Now lets override hashcode method.Add following method to Emp class
    @Override
    public int hashCode() {
        return  email.hashCode();//(eid + ename+ email).hashCode();
    }
Now run HashMapEqualityCheckMain.java again
You will see following output:
 
           Full Name of Sreenu----SRK Reddy
So now hashcode for above two objects emp1 and emp2 are same, so Both will be point to same bucket,now equals method will be used to compare them which  will return true.
This is the reason java doc says "if you override equals() method then you must override hashCode() method"

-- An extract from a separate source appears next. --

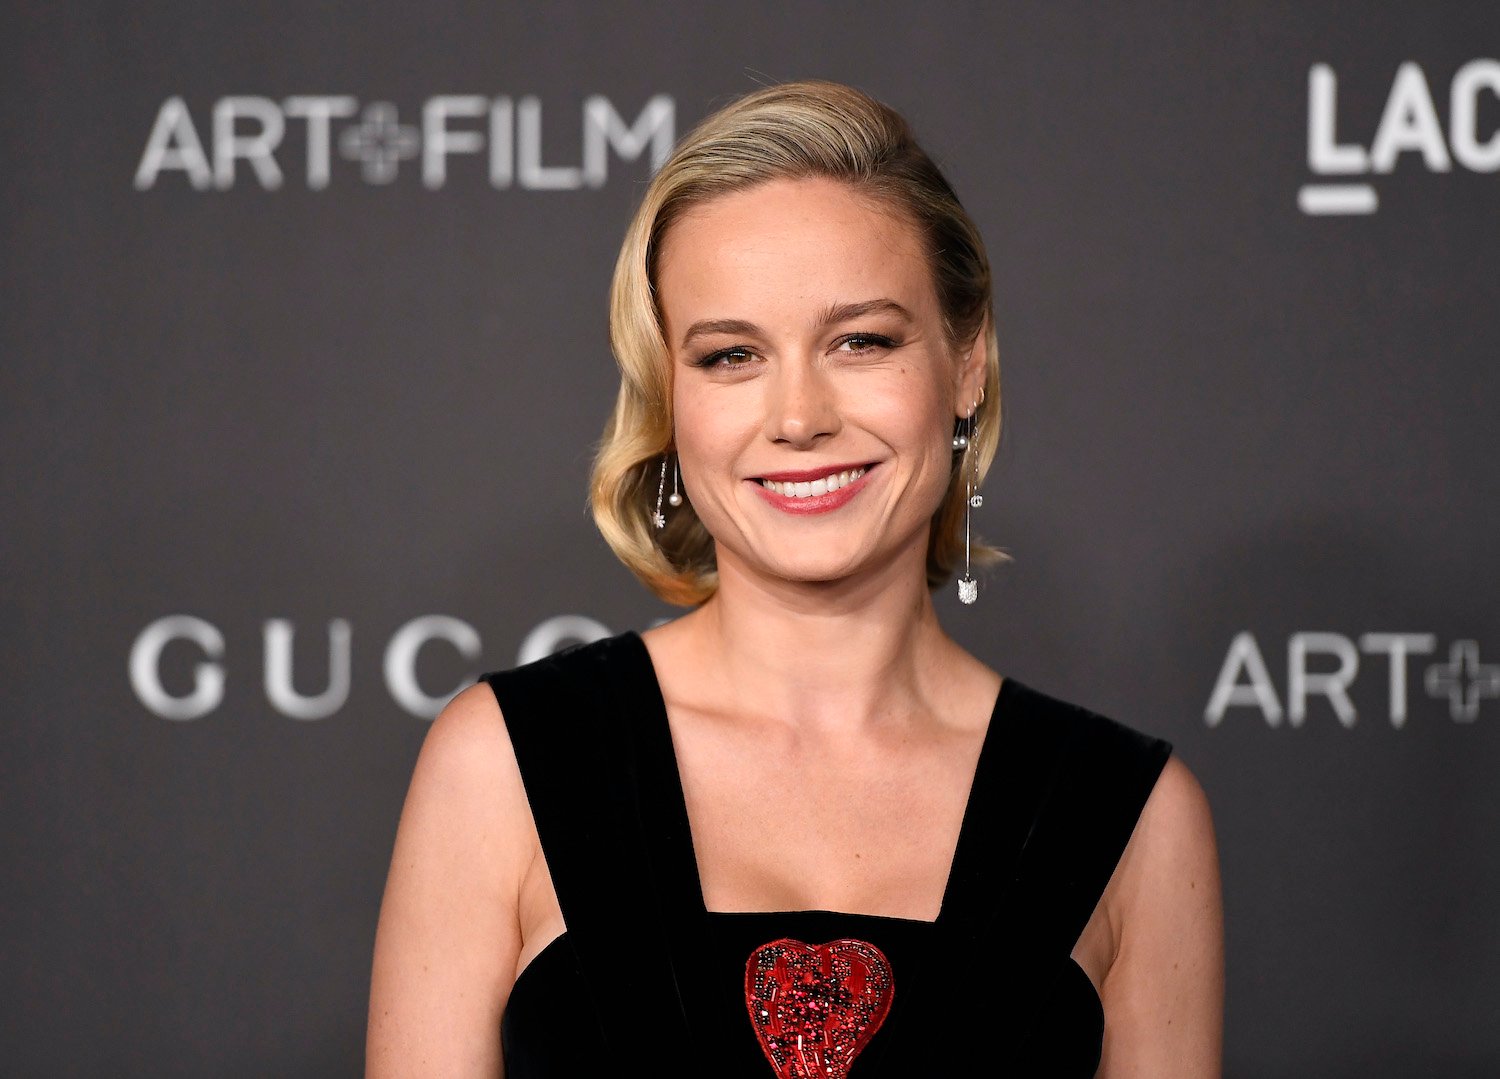 Brie Larson Revealed She Struggled With Feeling Ugly And Like An Outcast

hashcode() and equals() contracts: 

equals():

The equals method implements an equivalence relation on non-null object references:
  • It is reflexive: for any non-null reference value x, x.equals(x) should return true.
  • It is symmetric: for any non-null reference values x and y, x.equals(y) should return true if and only if y.equals(x) returns true.
  • It is transitive: for any non-null reference values x, y, and z, if x.equals(y) returns true and y.equals(z) returns true, then x.equals(z) should return true.
  • It is consistent: for any non-null reference values x and y, multiple invocations of x.equals(y) consistently return true or consistently return false, provided no information used in equals comparisons on the objects is modified.
  • For any non-null reference value x, x.equals(null) should return false.

hashcode():

  • Whenever it is invoked on the same object more than once during an execution of a Java application, the hashCode method must consistently return the same integer, provided no information used in equals comparisons on the object is modified. This integer need not remain consistent from one execution of an application to another execution of the same application.
  • If two objects are equal according to the equals(Object) method, then calling the hashCode method on each of the two objects must produce the same integer result.
  • It is not required that if two objects are unequal according to the equals(java.lang.Object) method, then calling the hashCode method on each of the two objects must produce distinct integer results. However, the programmer should be aware that producing distinct integer results for unequal objects may improve the performance of hash tables.

Key points to remember:

  1. If you are overriding equals method then you should override hashcode() also.
  2. If two objects are equal then they must have same hashcode.
  3. If two objects have same hashcode then they may or may not be equal
  4. Always use same attributes to generate equals and hashcode as in our case we have used name.